SAIA DO SOL E DA CHUVA, ENTRE...

A morada é simples, é sertaneja, mas tem alimento para o espírito, amizade e afeto.



terça-feira, 3 de novembro de 2015

CONFISSÕES DE SOLIDÃO


Rangel Alves da Costa*


É fácil perceber a dificuldade do solitário para confessar algo a alguém. O próprio estado de solidão é o empecilho maior ao diálogo. Não me parece ajuizado falar sempre sozinho, dividir palavras com os espaços vazios, fazer do nada um interlocutor.
Não significa que se tenha de ficar distante de tais atitudes. É muito bom conversar sozinho, sorrir sozinho, entristecer ou se alegrar pela palavra dita a si mesmo. Nada demais. Pessoas existem que vão pelas calçadas e de repente só faltam brigar consigo mesmas pelo que falam e respondem.
 Conversar sozinho nada mais que a soltura da palavra e do pensamento represados.
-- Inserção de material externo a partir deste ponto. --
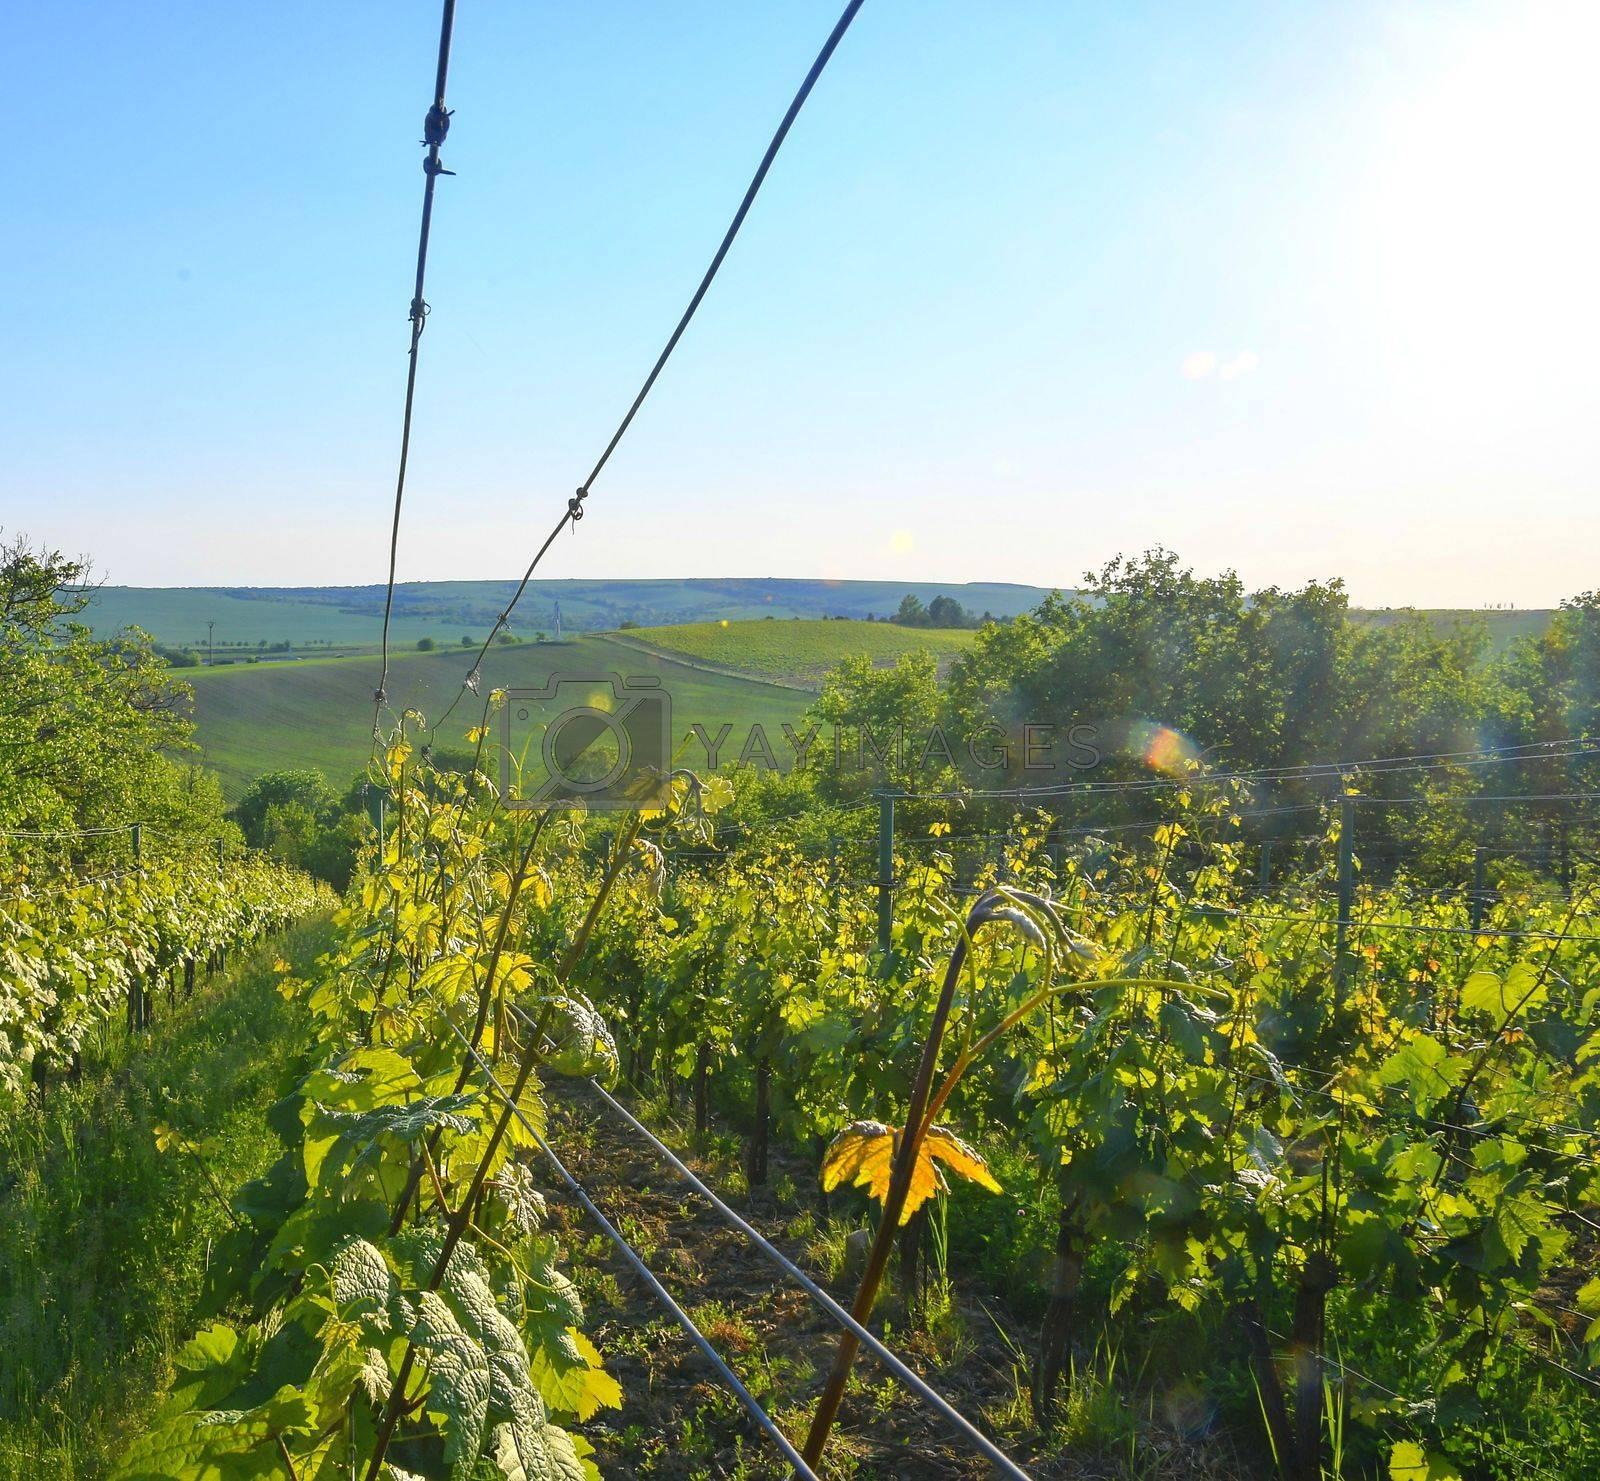 Wineyard at spring.  Sun flare. Vineyard landscape. Vineyard rows at South Moravia, Czech Republic.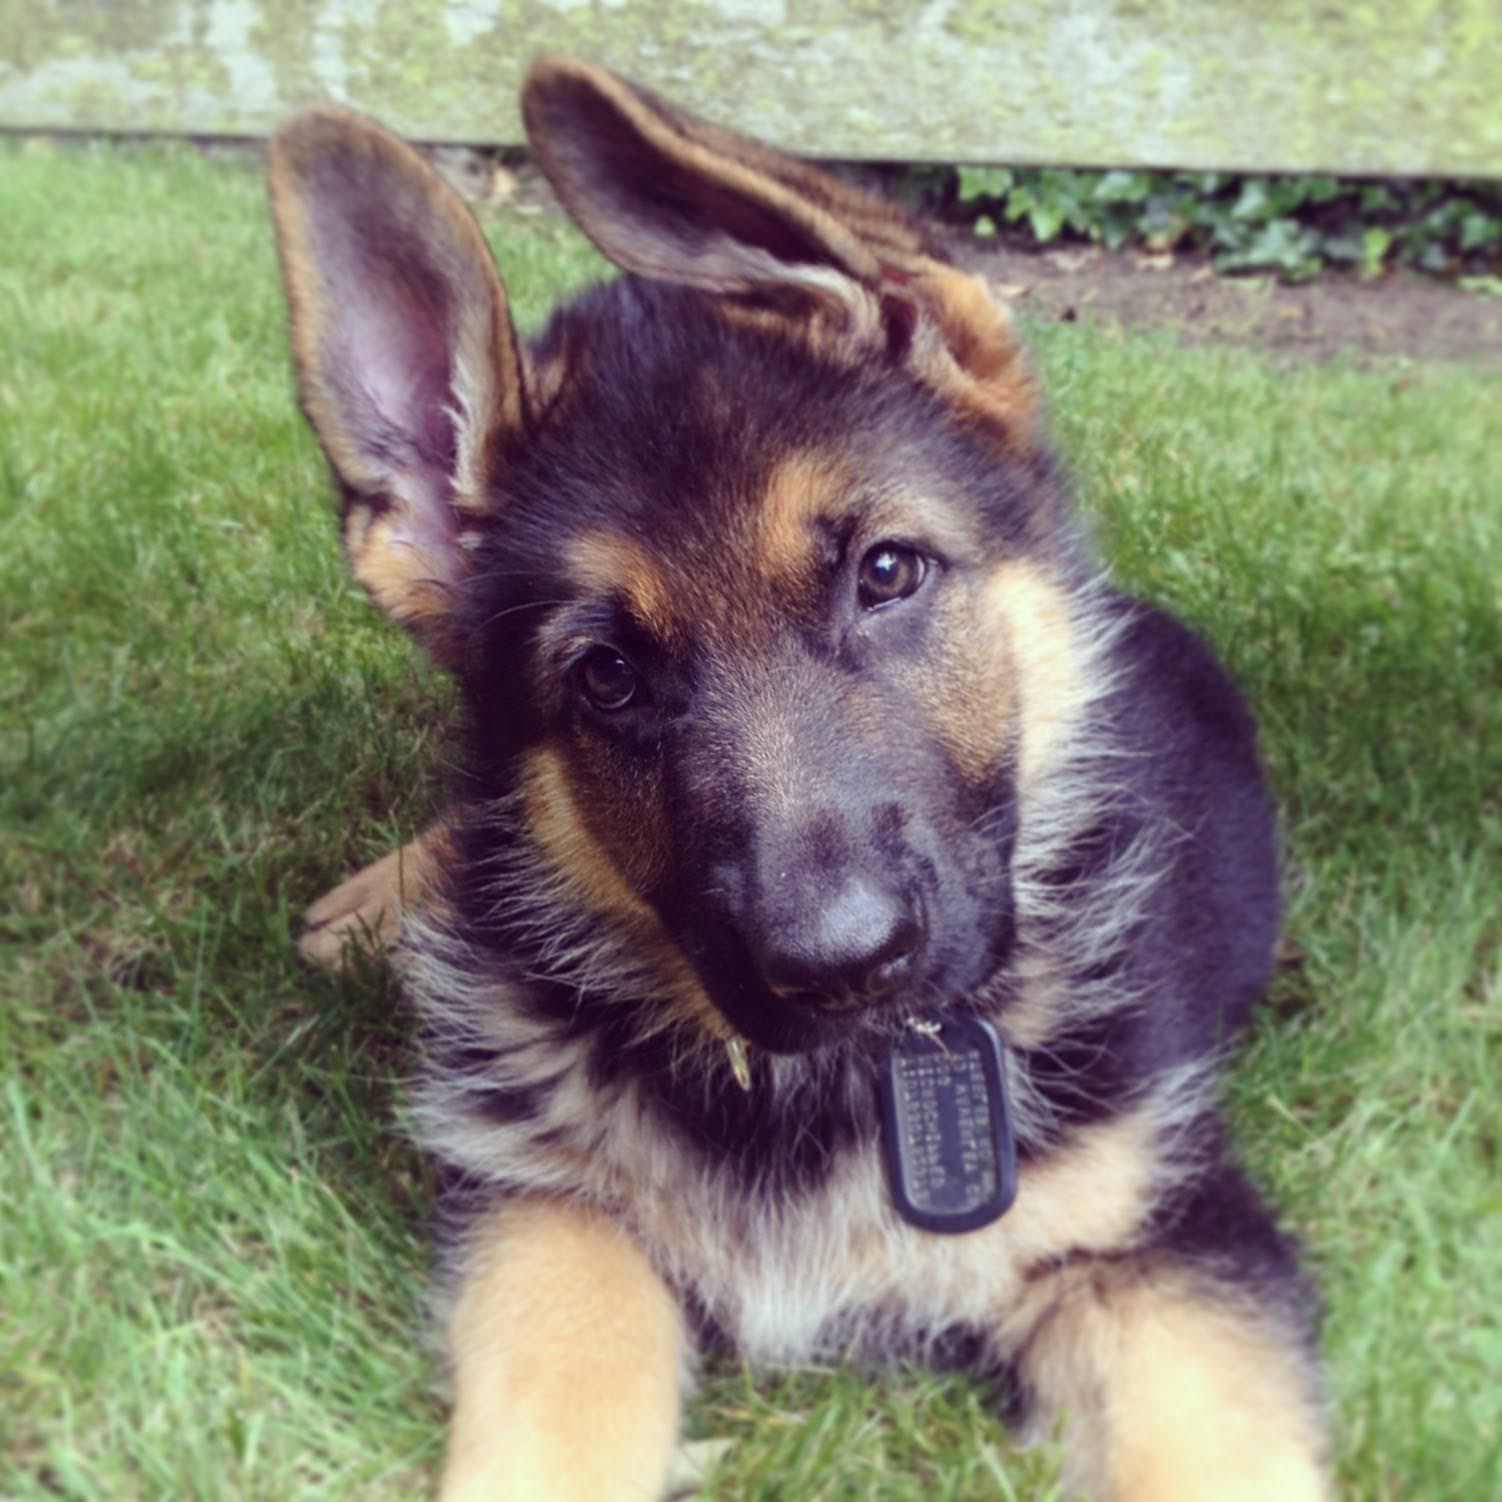 1 year old german shepherd puppy dog breed information

O transbordamento da voz, ainda que quase silenciosa, expressa um estado mental que não se contenta em diluir-se interiormente. Mesmo as palavras desconexas nascem assim, como sonhos que surgem na imaginação e ganham vida própria.
Mas na solidão é diferente. A solidão do solitário é tão solitária que nem eco ressoa de sua pronúncia. As vozes interiores surgidas, sempre no contexto motivador do recolhimento, acabam se assemelhando ao vazio ao redor. Surgem como sopros, como ressonância de uma brisa qualquer.
Não apenas a palavra como tudo ao redor parece inexistente. A escuridão ou a luz do quarto, a janela aberta ou fechada, os móveis, a cama desforrada, a chuva caindo, os gritos ao longe, nada disso consegue acordar o sono profundo do solitário. Um sono sem adormecimento, mas apenas de entorpecimento da alma, da mente, da razão existencial.
Adiante uma linda paisagem, um cenário de despertar sentimentos. Há um entardecer, há um cais, há um mar, há uma onda que vem e que volta. Há um barco de partida e outro de chegada, há uma gaivota no ar, uma pedra que chora e uma flor na areia. Mas é como nada emoldurasse a fotografia.
Há mil razões para rever velhos álbuns, reler antigas cartas, abrir baús, olhar porta-retratos, reencontrar as relíquias, trazer o passado para perto do coração. Tudo adiante, esvoaçando ao vento, tocando a face, chamando o olhar, insistindo para ser reencontrado. Mas tanto faz a tempestade como a calmaria. O mar é o mesmo. E apenas ele singrando pelas distâncias da mente.
Chorar na solidão. O choro velado, a lágrima escondida, hábitos e costumes do solitário. Chorar é bom, vai diluindo os tormentos internos e reconfortando a alma. Mas a lágrima jamais pode ser vista como característica da solidão. Enquanto esta é ausência, distância e, ao mesmo tempo, retraimento e busca, aquela se expressa na dor e no sofrimento.
E solidão não é dor nem sofrimento. Pode estar acompanhada de tristeza ou melancolia, mas não de tormento aflitivo. Ninguém se distancia do mundo ou se fecha num quarto, se recolhe instintivamente ou apenas torna tudo ao redor como inexistente, apenas pelo fato de estar sofrendo. O sofrimento pode ser desfeito de diversas formas, enquanto a solidão chega e sai a seu bel-prazer.
Também sei que o espinho da solidão não é tão ferino ou devorador, eis que ela anestesia o instante. Sei que a navalha da solidão não sangra as entranhas nem mutila a vida, pois sua lâmina apenas passeia pelos instintos. Sei que a solidão não se faz fogueira nem abrasa os sentimentos sublimes, eis que vaporiza as chamas mais vorazes.
E assim por que solidão não é depressão, não é desfalecimento da alma nem caminho ao sacrifício. Ninguém definha ou se exaure de solidão, ninguém se mortaliza ou se finda de solidão. Mas na depressão sim. E solidão é estado que preserva o ser flutuante e conduzindo vai até o reencontro da realidade.
Mesmo que não se atenha ao mundo lá dentro ou lá fora, a solidão é amiga da chuva, do silêncio, da noite, do entardecer. Tudo se assemelha a uma natureza-morta, cuja forma diz muito mais que a representação. E por isso as folhas de outono entram pela janela e se assentam no colo, mas tanto faz que seja um pássaro cantante.
Tanto faz qualquer coisa. Na solidão, tudo tanto faz.